08-15-2011, 11:36 AM
I've got a long vector of numbers and I'd like to find out where each occurrence of a particular series is. An example might be where does [43,44,45] occur in indgen(100)?

Any ideas?

08-16-2011, 12:30 PM
Here is one way (you may have to protect against errors, however):

vals = INDGEN(100)
nvals = N_ELEMENTS(vals)
vsearch = [43, 44, 45]
nsearch = N_ELEMENTS(vsearch)
nend = nvals - nsearch ids = WHERE(vals(0:nend) EQ vsearch(0) AND vals(1:nend+1) EQ vsearch(1) AND vals(2:nend+2) EQ vsearch(2), cnt)
IF cnt GT 0 THEN PRINT, ids

Also, you could revert to using strings with delimiters and use STRPOS, but that would probably not be my choice of methods.

09-20-2011, 07:08 AM
Thanks!

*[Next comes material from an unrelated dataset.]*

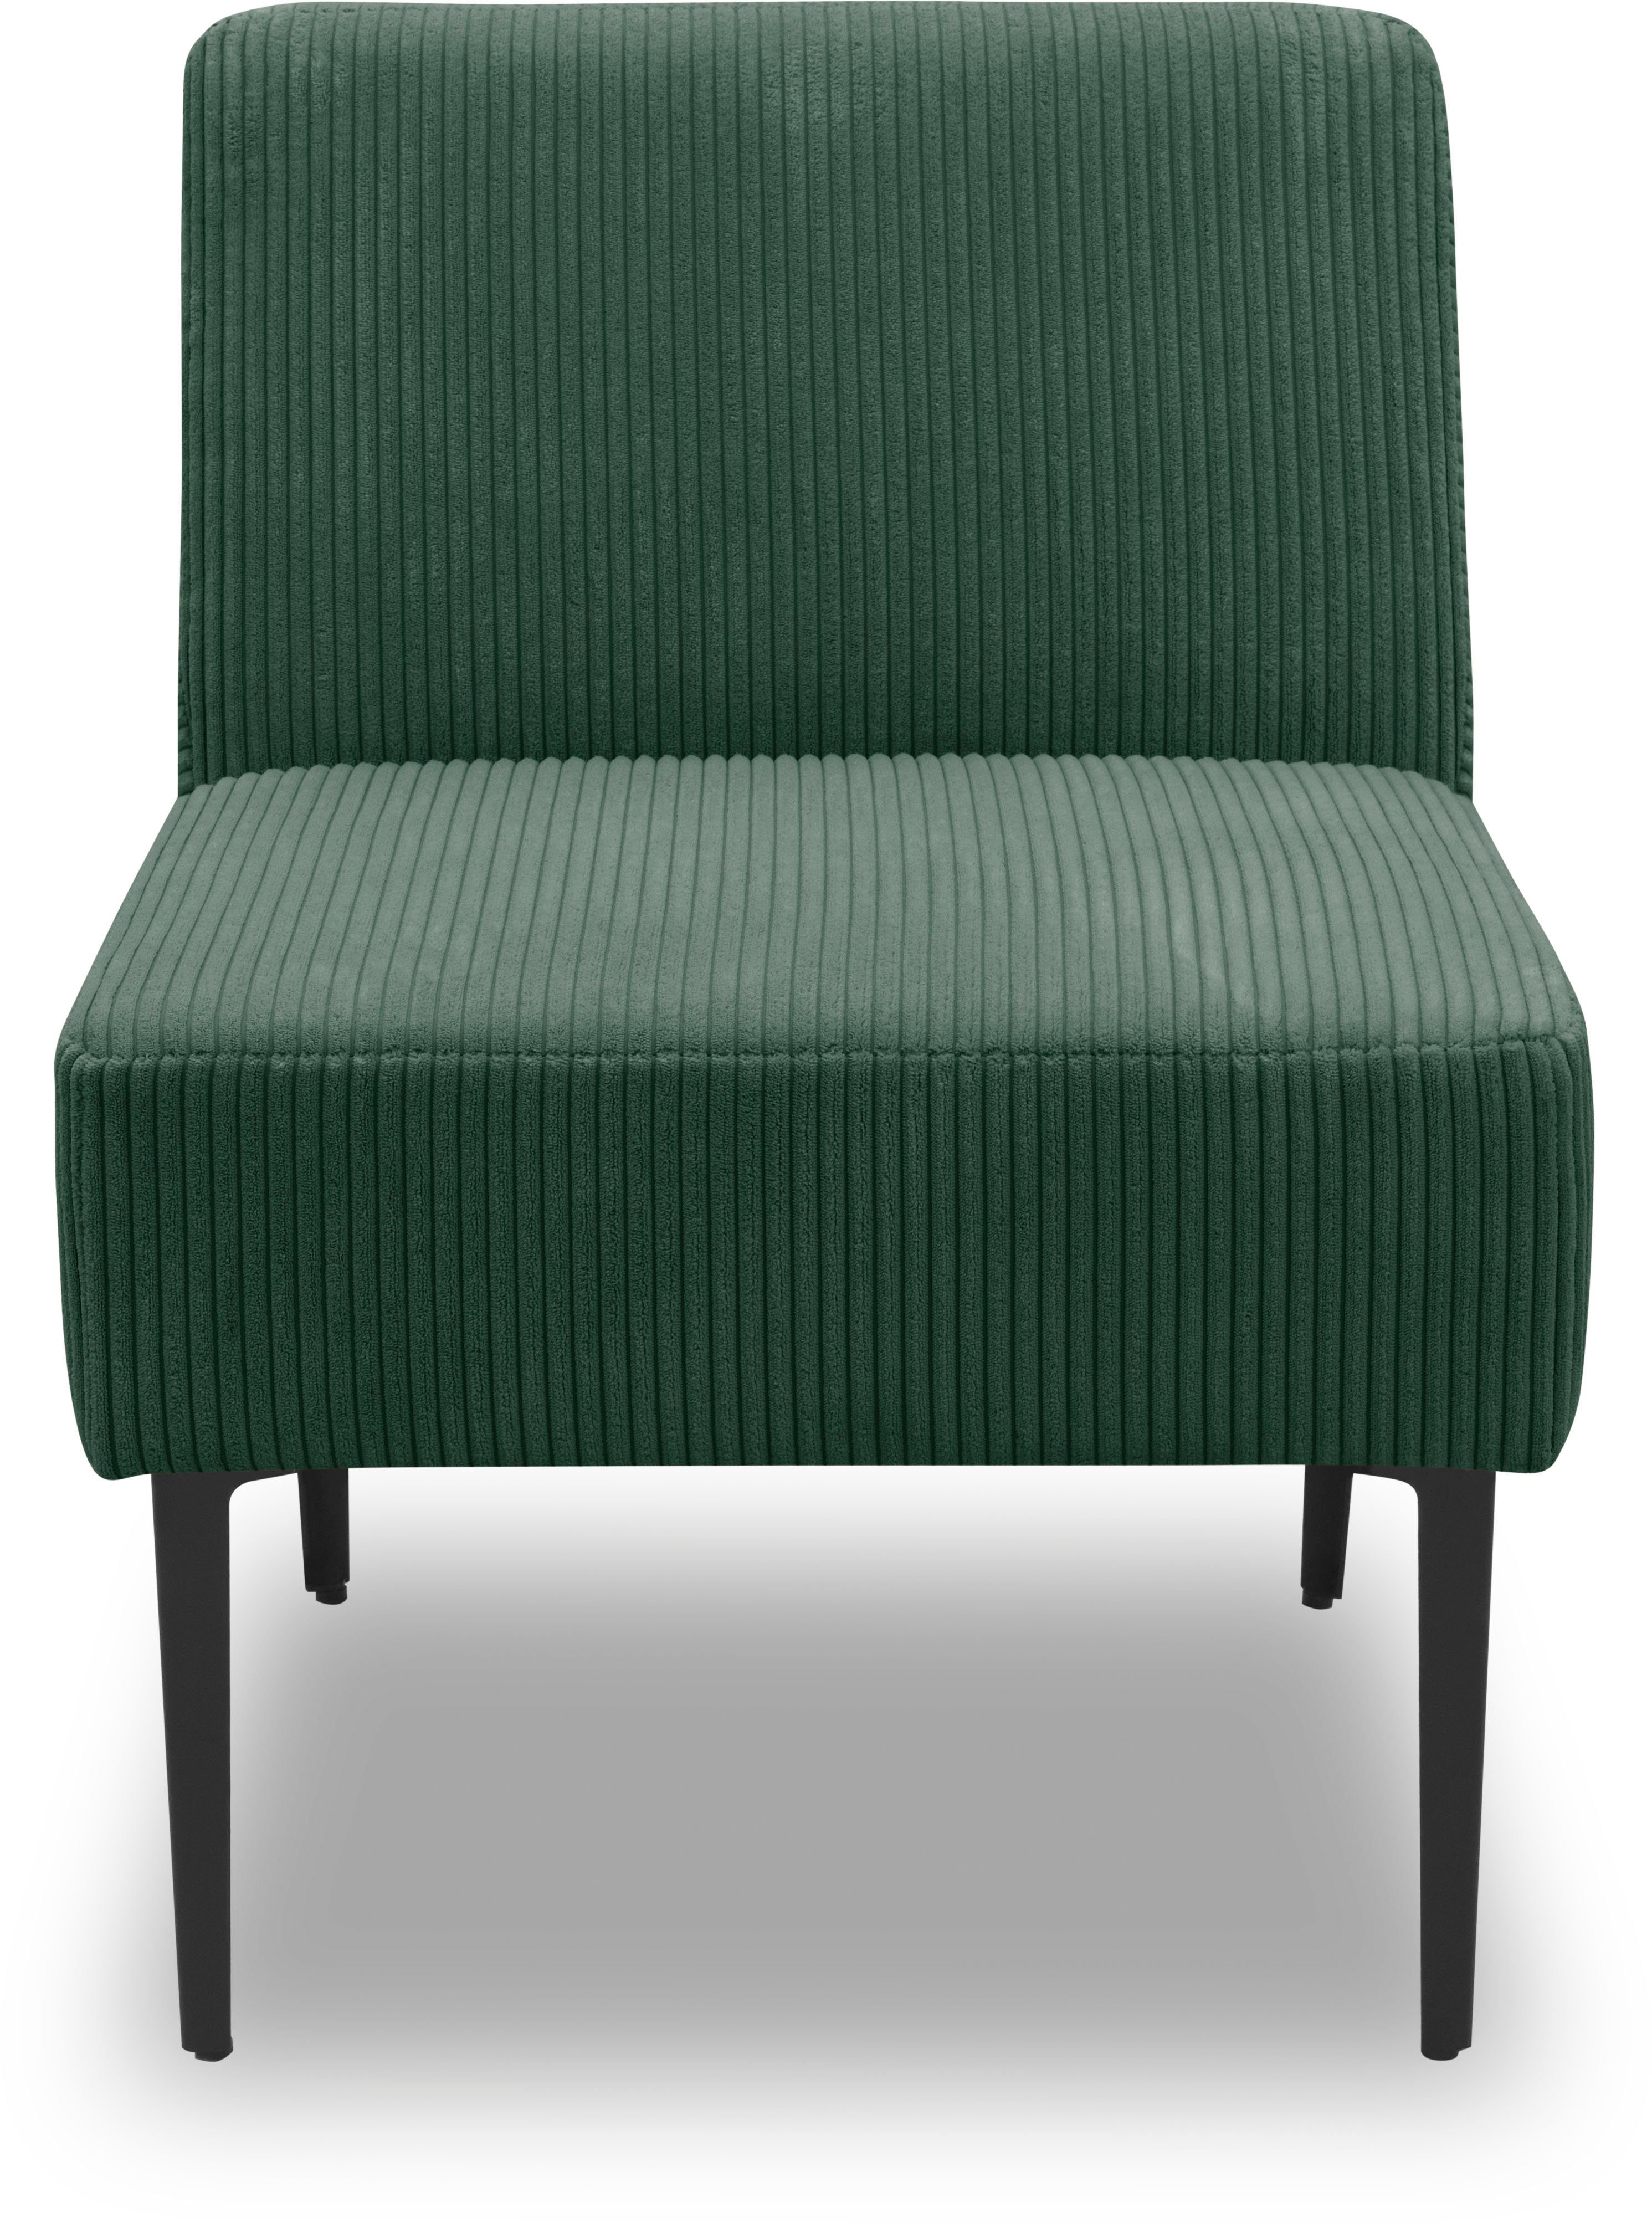 DOMO collection Sessel 700010, für individuelle Zusammenstellung eines persönlichen Sofas dünkelgrün | Einzelsessel

I'm still looking for a sliding window implementation whereby i could search very large arrays for long patterns.

09-20-2011, 09:35 AM
Well, here would be a way to do it with strings. The 'find' variable can be any length. Will work with integers, but probably not with float values. It will also error if your sequence contains false matches, like [4,3,4,4,4,5], but you could introduce a delimiter to deal with that possbility if your 'find' string is not unique enough.

vals = INDGEN(100)
istrvals = STRTRIM(vals, 2)
strvals = STRJOIN(istrvals)
indicies = LONARR(N_ELEMENTS(vals))
FOR i=1L, N_ELEMENTS(vals)-1 DO indicies(i) = TOTAL(STRLEN(istrvals(0:i-1)))
find = [43, 44, 45]
nfind = N_ELEMENTS(find)
strfind = STRJOIN(STRTRIM(find, 2))
pos = STRPOS(strvals, strfind)
ids = WHEREIN(indicies, pos)
PM, ids
FOR i=0L, N_ELEMENTS(ids)-1 DO PM, vals(ids(i):ids(i)+nfind-1)

09-20-2011, 09:49 AM
Found a better way. I've always known TENSORs can be useful, and I finally found a use case. It's unbelievably compact. I wonder why nobody from VNI mentioned this? Are they reading the forums?

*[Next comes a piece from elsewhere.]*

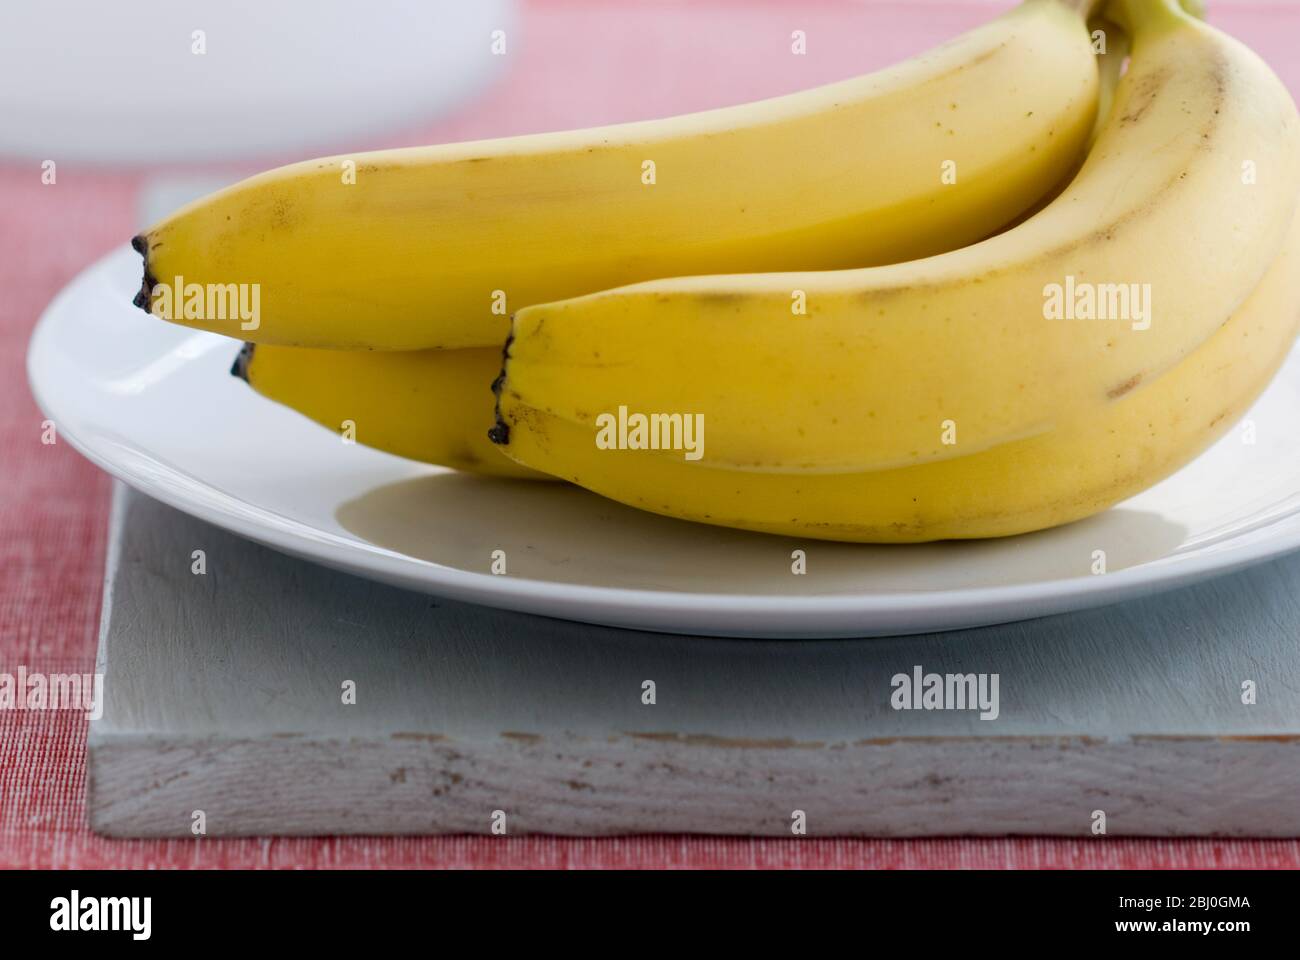 Bananenstrauß auf weißem Teller, auf grauem Brett, mit rotem Hintergrund - Stockfoto

a = [LINDGEN(100, LINDGEN(100)]
b = [43, 44, 45]
c = TENSOR_EQ(a, b)
id = WHERE(c(*,0) EQ 1, cnt)
pm, id

09-21-2011, 12:54 AM
idx = wherein(a, [2,3,4])
print, idx
2 3 4 20 21 22

Hope this help!

09-22-2011, 09:47 AM
Thanks for the suggestions.

The tensor method can easily exceed memory limits as I was wont to discover, and execution time is long. And if the pattern occurs more than once the indices returned multiple times; i.e., 43,85,143,185. So there's a little manuipulation to be done.

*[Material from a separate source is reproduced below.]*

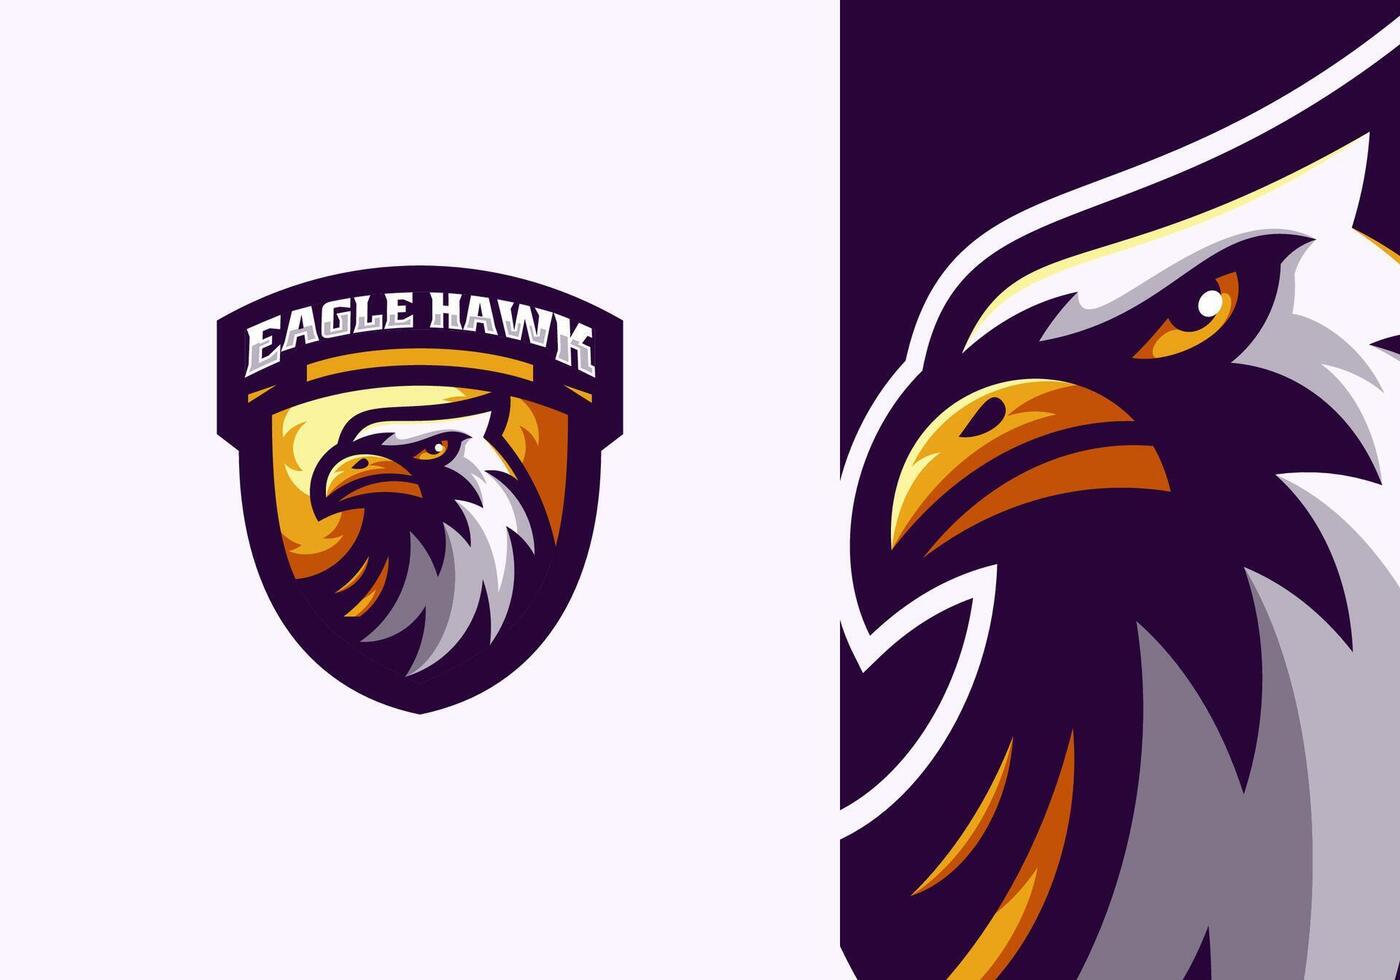 Eagle mascot logo vector

The wherein method just returns the locations of the elements in the pattern. Not where the pattern exists.

So, after much thought I'm going with a loop method of finding all the occurrences of pat(0) and then SAMEing each location+pattern_length with the pattern itself. This method is very fast. On 10^6 arrays with a pattern of 5 elements it took 1.25 seconds to find all 13 patterns.

Thanks again!

09-23-2011, 11:09 AM
below is some code similar to what spinman suggested but probably faster;
instead of looping over the container array, it loops over those elements of
the container array which match the first element of the pattern;
the runtime for the parameters mentioned in the last post
is about 0.1 seconds on the slowest machine i could find;
just paste the entire code block at the wave prompt;

m = 1e6
n = 5
p = 13
a = long( m*randomu(s,m) ) ;random container
b = long( m*randomu(s,n) ) ;random pattern
l = long( m*randomu(s,p)-n ) ;random locations
for i=0l,p-1 do a(l(i)) = b ;insert patterns
t = systime(1) ;start time
r = lonarr(m) ;result storage
i = where( a(0:m-n) eq b(0), q ) ;possible locations
for j=0l,q-1 do begin & k = i(j) & r(k) = min( a(k:k+p-1) eq b ) & end
j = where(r)
print, systime(1)-t
print, l(sort(l))
print, j